I’d like to think that there are magical pixies in my head responsible for my punctuation choices in my writing. Most of the time they are making magic dust to feed the unicorns of my imagination, but every so often, when I am writing, they pop up and use their magic and help me use punctuation.

Ok, maybe this isn’t the case. But, I am becoming increasingly interested in how we use punctuation and, more importantly, what makes us use those funny little marks that some use with glee abandon and others use like they are some form of anthrax. We have all sat before a piece of work that is drowning in commas, but is a desert for full stops. What makes a student write pages and pages of writing and not use one single full stop? Ask that same student: ‘What do you need to do to improve your writing?’ They simply say: ‘Add full stops.’ Yes, add. But maybe the problem really is they should ‘think’ in full stops.


During

Often the case with students’ writing is that they are so concerned with getting ideas on the page that the casualty of speed is punctuation. Students often know how to use punctuation. We get it in our heads as teachers that they know diddlysquat about using it. They do; they just haven’t applied the rules or they have forgotten them. I am in essence talking about full stops, commas, exclamation marks and question marks. I have endlessly circled errors and the students have always been able to say ‘oh, yeah I missed a full stop’. When writing, they are in the eye of the storm. Everything looks fine to them.

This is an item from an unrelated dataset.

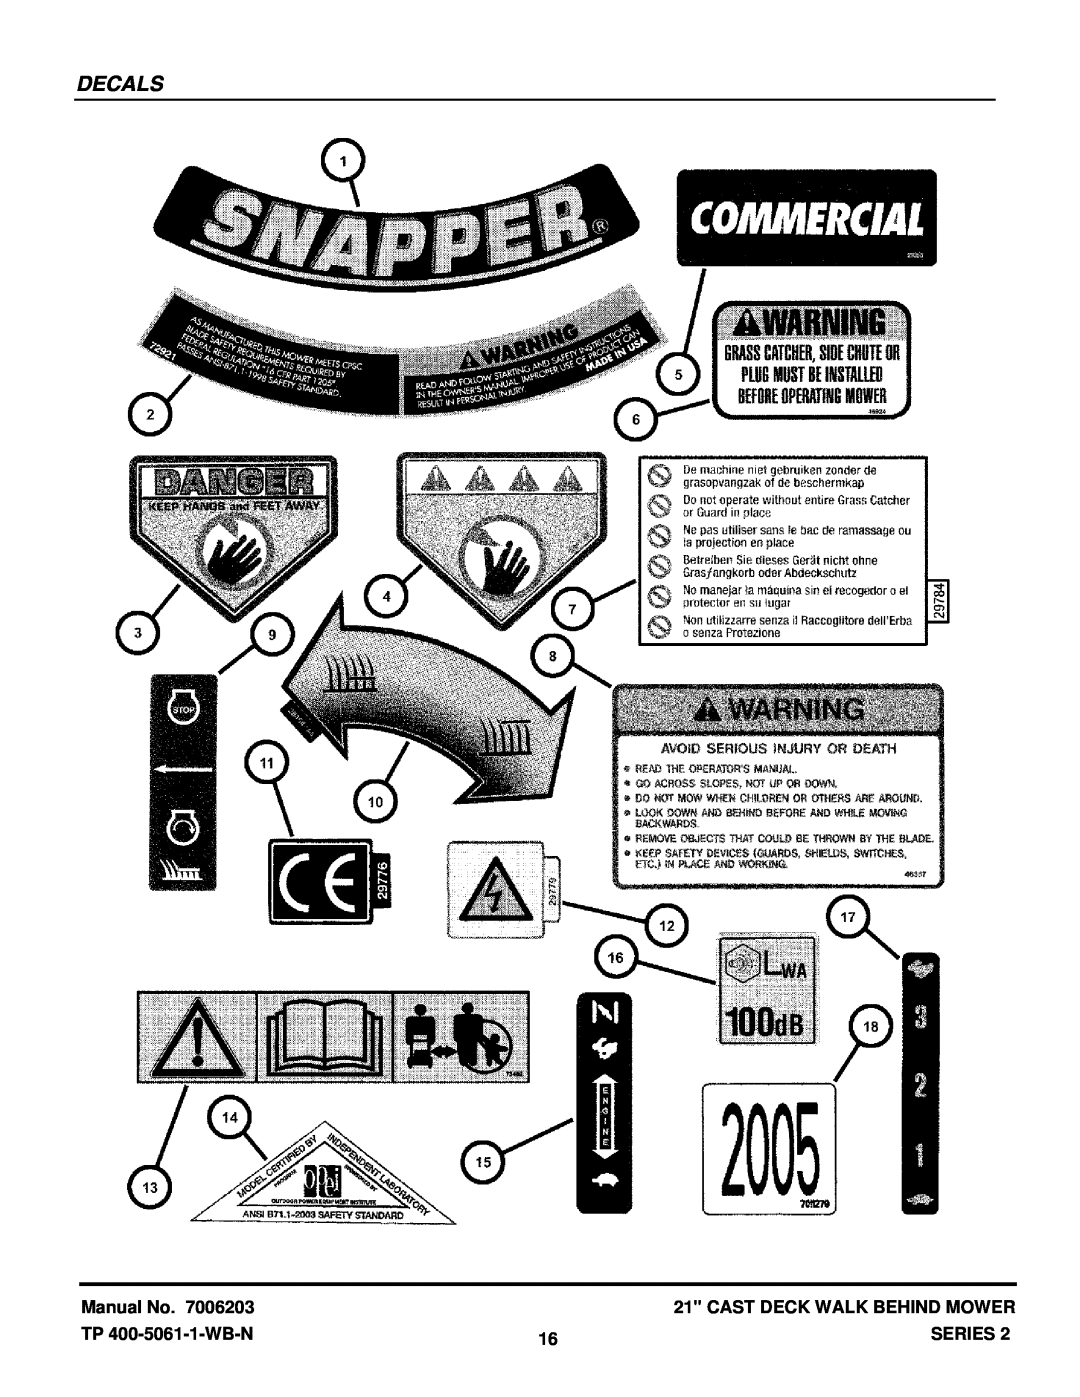 Snapper ECLP21602KWV manual Decals, Cast Deck Walk Behind Mower, TP 400-5061-1-WB-N, Series

The race to capture a set of decent ideas means that communication of these ideas is neglected. The simple manta is often used: As long as I have it on the page, I am fine. Teachers know the value of crafting writing. We plan the appropriate time for students to write effectively. We make them plan. We make them proofread. We do everything we can to help them craft, but still I am left with one student finishing thirty minutes before the allocated time and one student always needs an extra day to get the best piece of work.  Possibly, we need to get them to use punctuation in more of a functional way. I alluded to being explicit with the purpose of punctuation in my last blog, but what if we were explicit with the function of a piece of punctuation.

The cat sat on the mat.

The cat sat on the mat, but it was cold.

The cat sat on the mat; it was dead.

The cat (a flea ridden orange thing) sat on the mat.  

The cat sat on the mat, waiting for its food: a plate of fish.

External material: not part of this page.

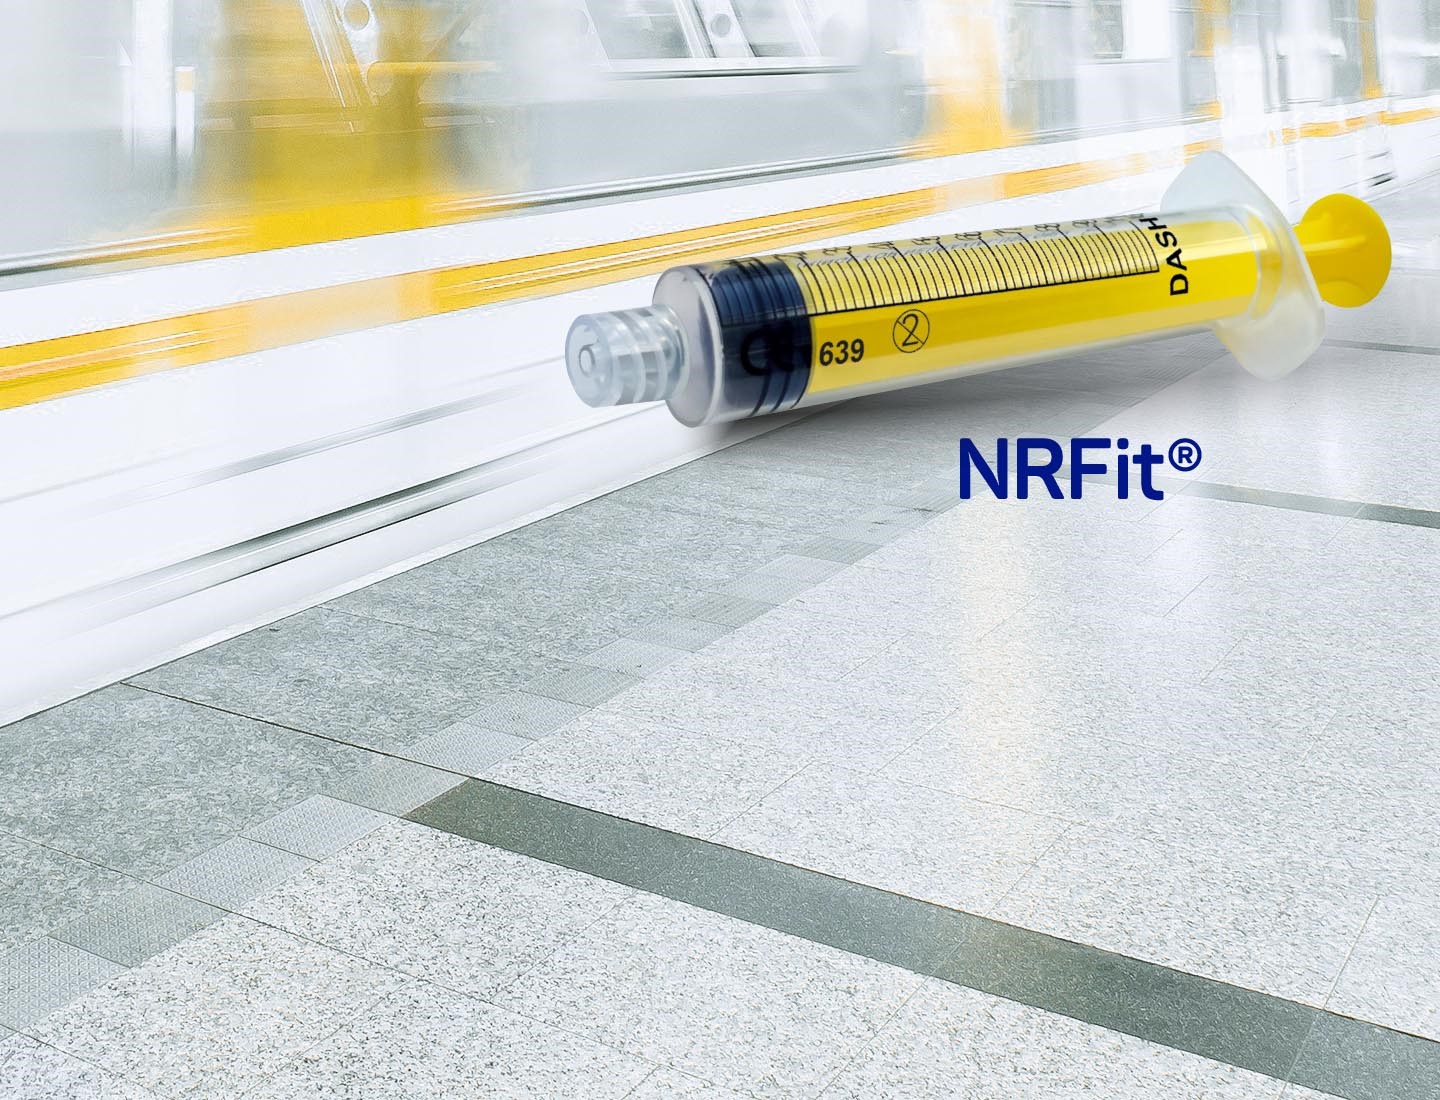 NRFit Spritze vor einem Zug

The cat sat on the mat – like it usually does.  

Yep, I have ditched the question mark and the exclamation mark as those pieces of punctuation are set in stone. I mean: you commit to a sentence being an exclamation or question from the start. You might change to a question or exclamation afterwards, but usually you think of them at the time of writing the sentence.

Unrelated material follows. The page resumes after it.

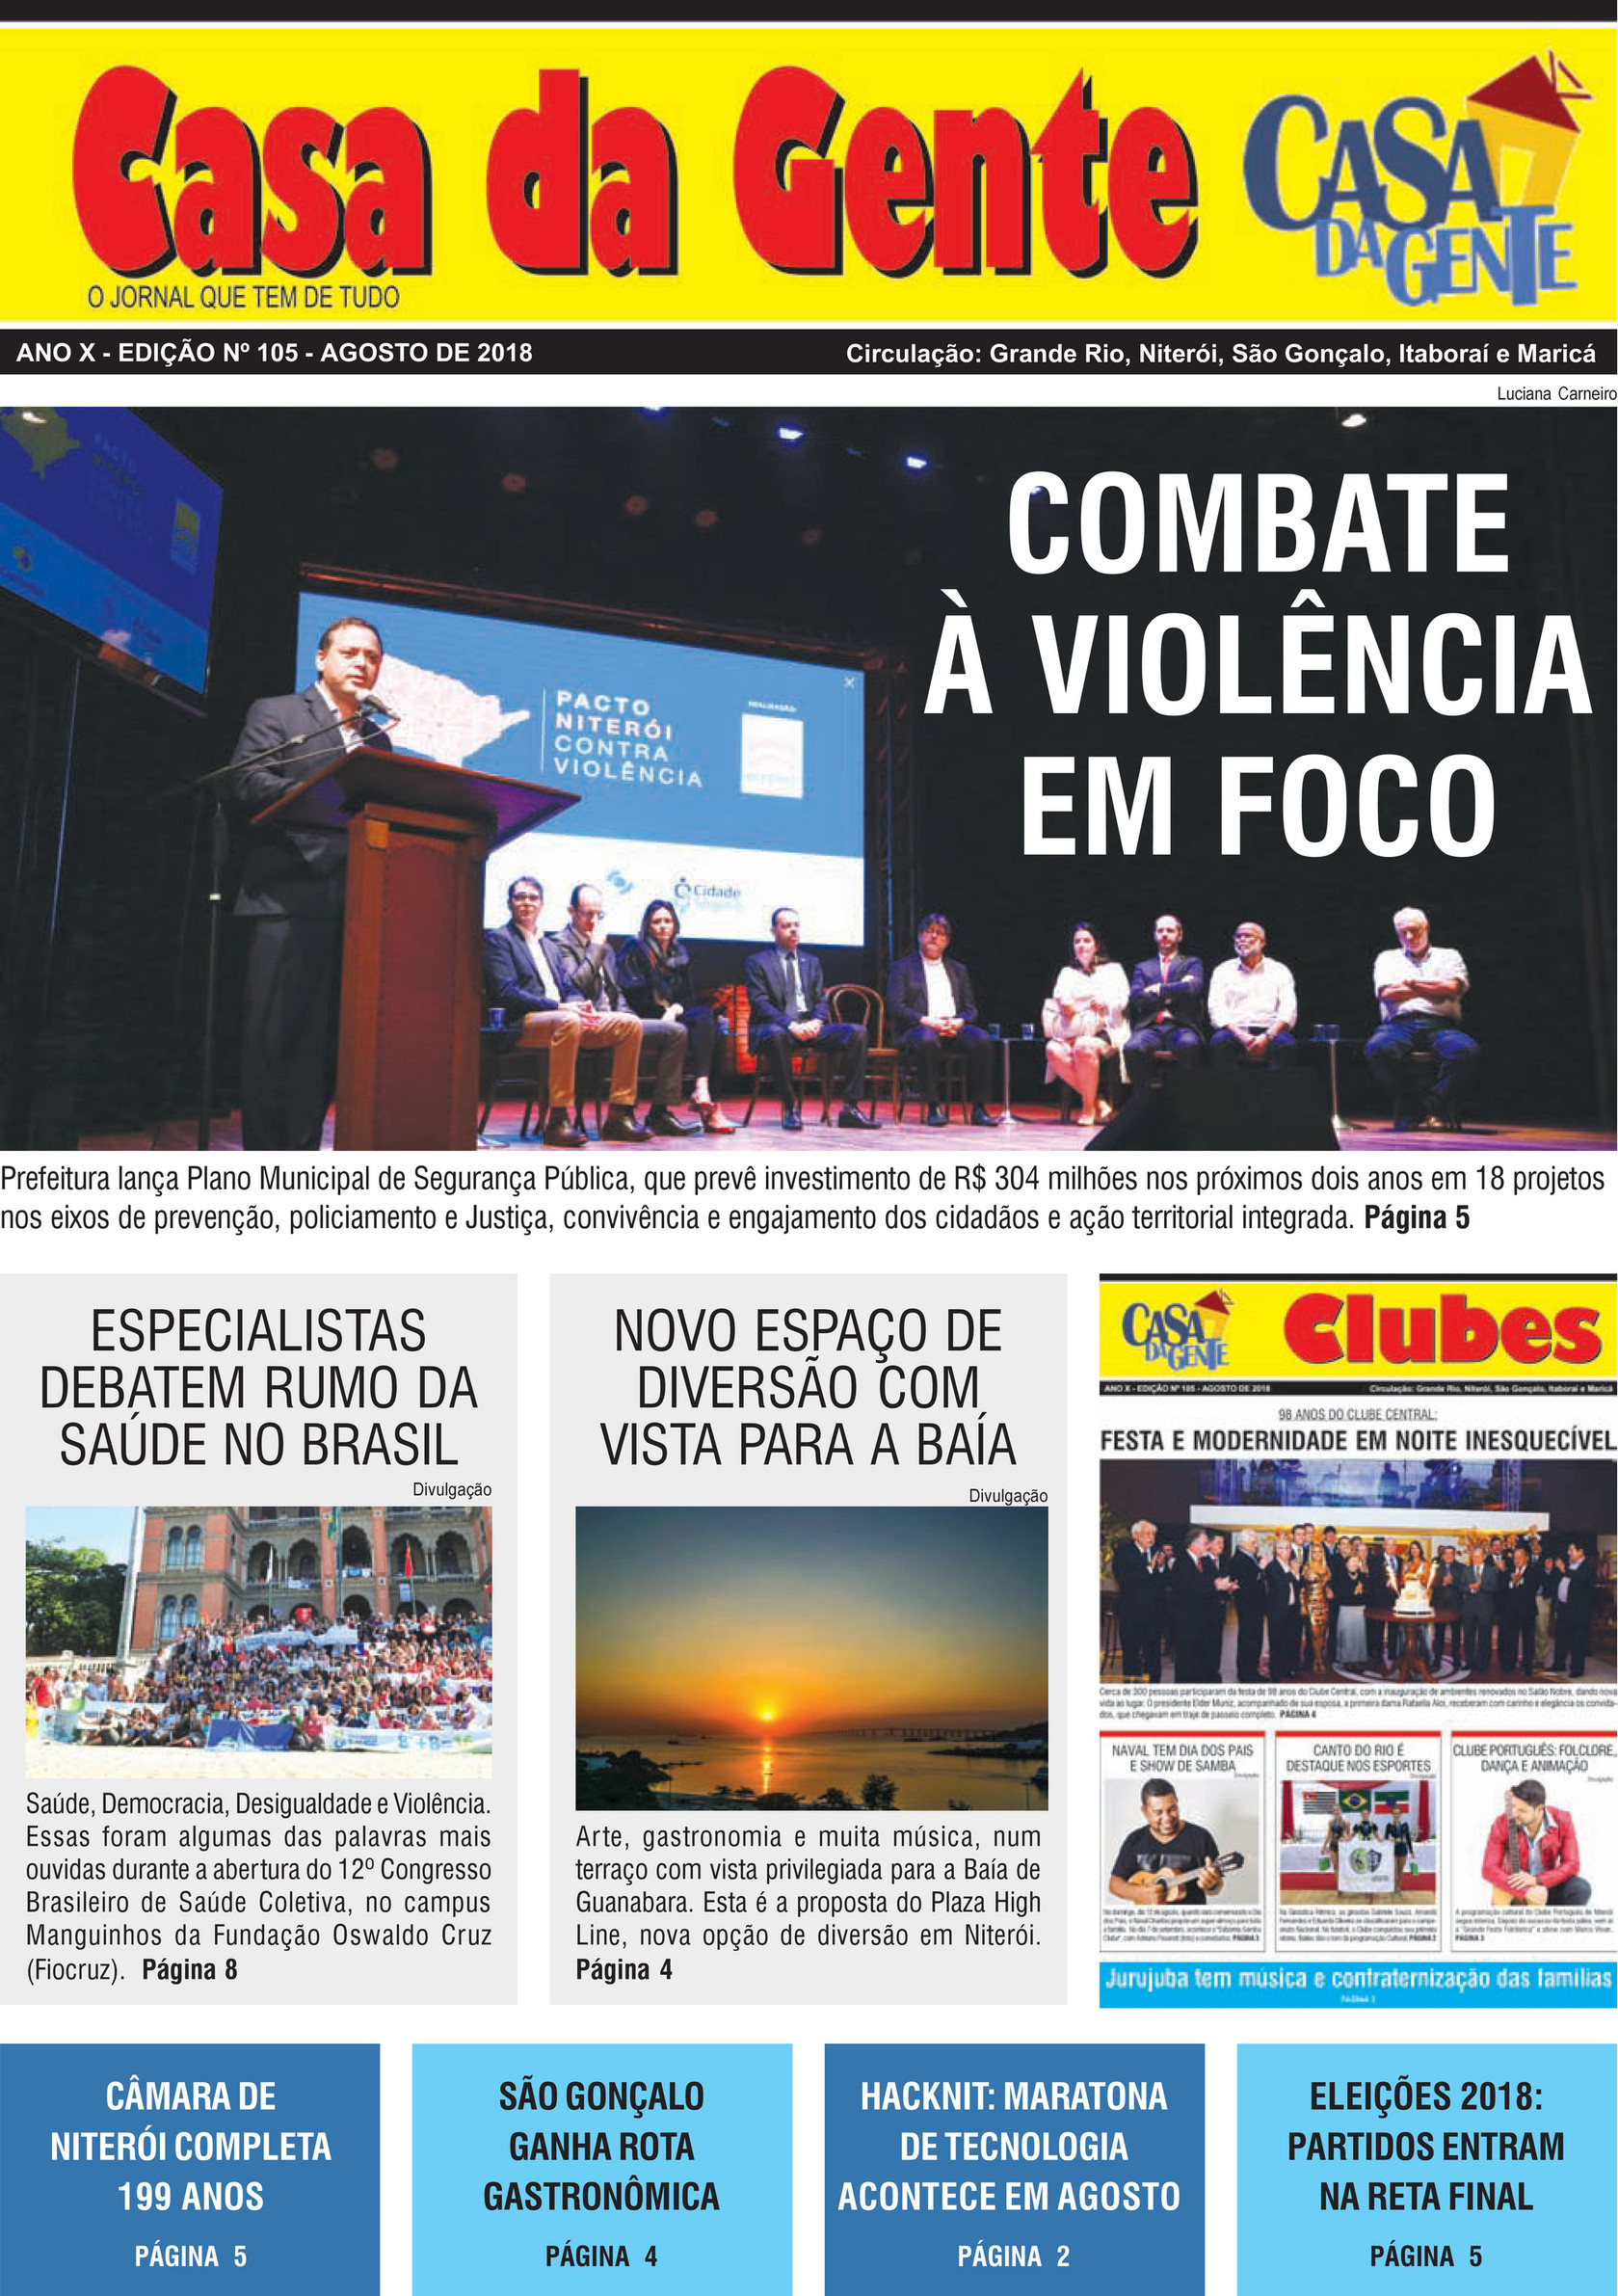 Jornal Casa da Gente: Clube Português de Niterói: Mais um ano de sucesso da  Quinta do Santoinho

Over the years, I have taught students explicit sentence structures to help them learn automatically where the punctuation should go. It works, but to develop more sophisticated writing my students need to know how to develop and extend an idea. After all, that’s the purpose of punctuation. It isn’t to make the English teacher happy. It is about how we take one idea and shape and form it. In the past, I have discussed our reliance on discourse markers to shape ideas. The sad drawback of this is that students don’t really develop an idea; they just play table tennis with an idea. Additionally… this. Furthermore… this. However…this. In contrast…this. Writing is about communicating an idea effectively. That means developing and exploring it. Not endless listing of things.


I have an idea  - It is about a cat!  

The cat sat on the mat.


I want to explain more about the idea

Comma + another sentence

The cat sat on the mat, but it was cold.


I want to carry on discussing the topic but I want to add an idea that only partly related to the original one

Semicolon + another sentence

The cat sat on the mat; it was dead.


I want to give more information about one particular thing in the sentence

Thing, bracket, phrase, bracket, sentence

The cat (a flea ridden orange thing) sat on the mat.



I want to introduce something new to the idea.

Colon + phrase  

 The cat sat on the mat, waiting for its food: a plate of fish.


I want to interrupt the original train of thought by adding an idea. I could use the word ‘therefore’ instead of a dash in this situation.

Dash + phrase

The cat sat on the mat – like it usually does.  


At every stage, the punctuation helps add detail to the original subject/idea. The sentences are pants, but they give you an idea of how the sentence (original idea) can be developed. Students tend to list ideas rather than develop them. Looking at exam board specs, it is all about the depth of ideas and not the quantity of ideas. Maybe, just maybe, we need to look at punctuation as a way to develop those ideas. All too often we get students to write more in the vain hope they will develop their ideas.

We often focus on accuracy with punctuation. Or, we focus on there not being a variety of punctuation in a piece of work. What if we concentrated on how students use punctuation to develop and extend ideas?

Look at the writing of Charles Dickens and you see what ‘the cat on the mat’ does. He plays with ideas like a cat plays with a ball of wool. He pushes it one way really far. He pushes it another just as far. He will also focus on a strand for ages. Or, he will go for the whole ball and pounce.

Thanks for reading,

Xris

P.S. No animals were harmed in the writing of this blog. Maybe a few pixies died trying to get the punctuation right in this blog.